Yondalla has a number of scenarios up, and I'd have to say that the answer doesn't lie in the circumstances, the circumstances are merely learning experiences on the way to living the principles I've outlined here. Scenario 1, with a thirteen year old kid performing oral sex as a party game freaks me out a little, I'll admit. But I have to say, the first thing I'd ask was "so how do you feel about it?" Because there are two possibilities here: we could have a case of not-rape and a kid who needs help to avoid being not-raped again; or, we could have a budding exhibitionist who is eagerly anticipating the next party. The odds lean heavily towards the former here, which sounds to me like the kids need an adult to blame for why they can't go to the cool-but-extremely-scary parties anymore.

Scenario 2 sounds to me either like somebody whose ideas about love=sex are prompting him/her to attempt to substitute the latter for the former, or somebody whose interest in sex far outpaces his/her interest in a relationship, but who is attempting to offer a relationship in exchange for sex. Either way, it's time to work on decoupling.

Scenario 3 sounds pretty healthy and normal to me. Same for scenario 4, although I would be inclined to ask if he and the boyfriend couldn't think of someplace to go where they'd be a lot less at risk of being arrested and/or banned from the gym.

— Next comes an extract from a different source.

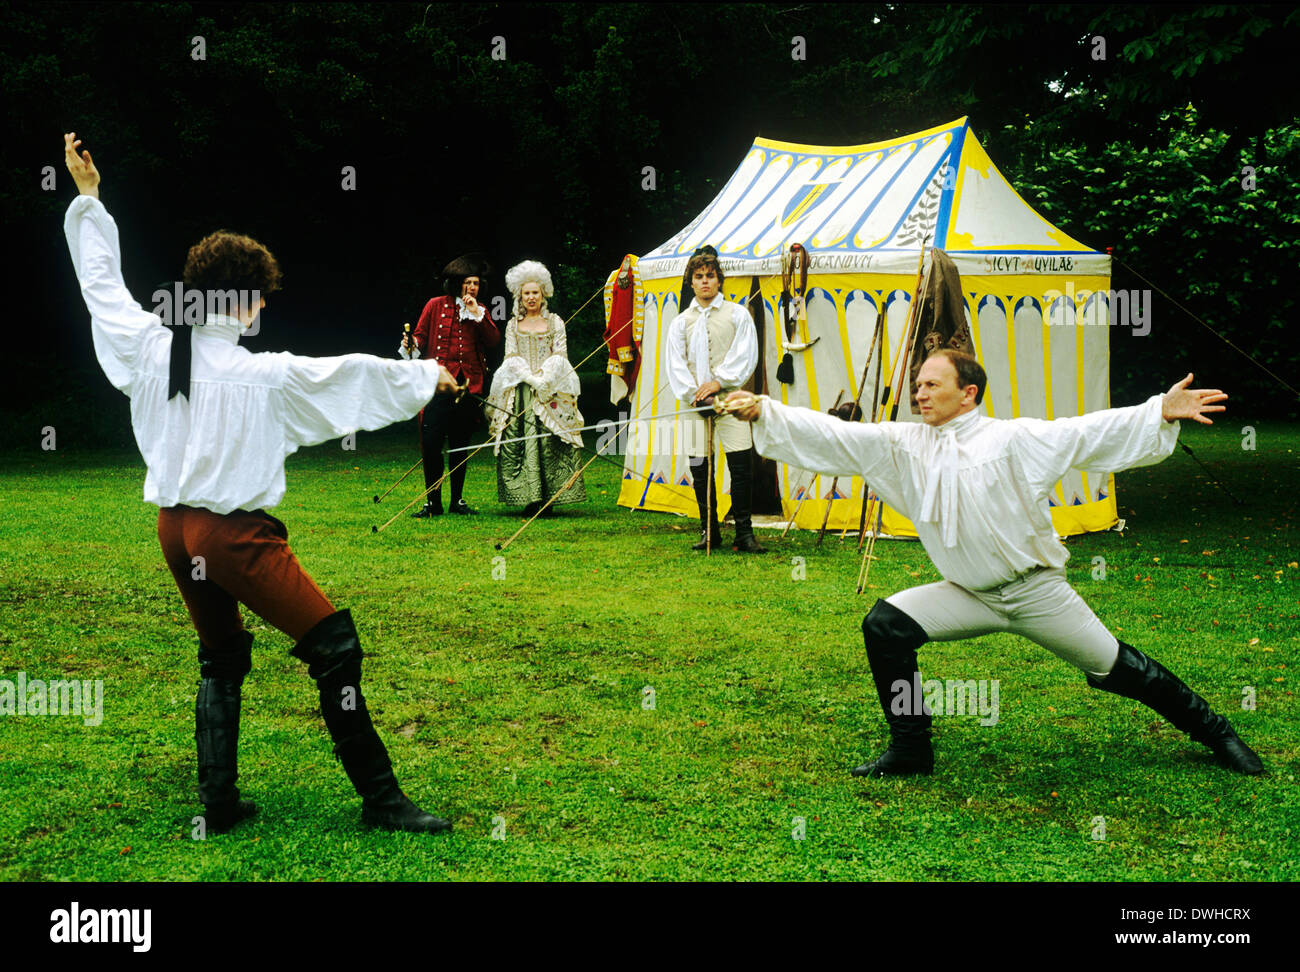 Période de Régence anglaise duellistes, début du xixe siècle, reconstitution historique, duel d'épées England UK duellistes duelliste Banque D'Images

*This is actually one of the most valuable things I learned in college. And for the record, I was the sober one.

1 comment:

  1. Thanks...very interesting.

    I also think of #3 as not at all surprising or deeply concerning.

    #4 was special since I really was driving 65 miles down the freeway. We could have died. Died, I tell you! And there was much conversation about safe places, about the fact that the agency had rules we had agreed to ... sigh.


    Thanks for the post though. Glad to have provoked you.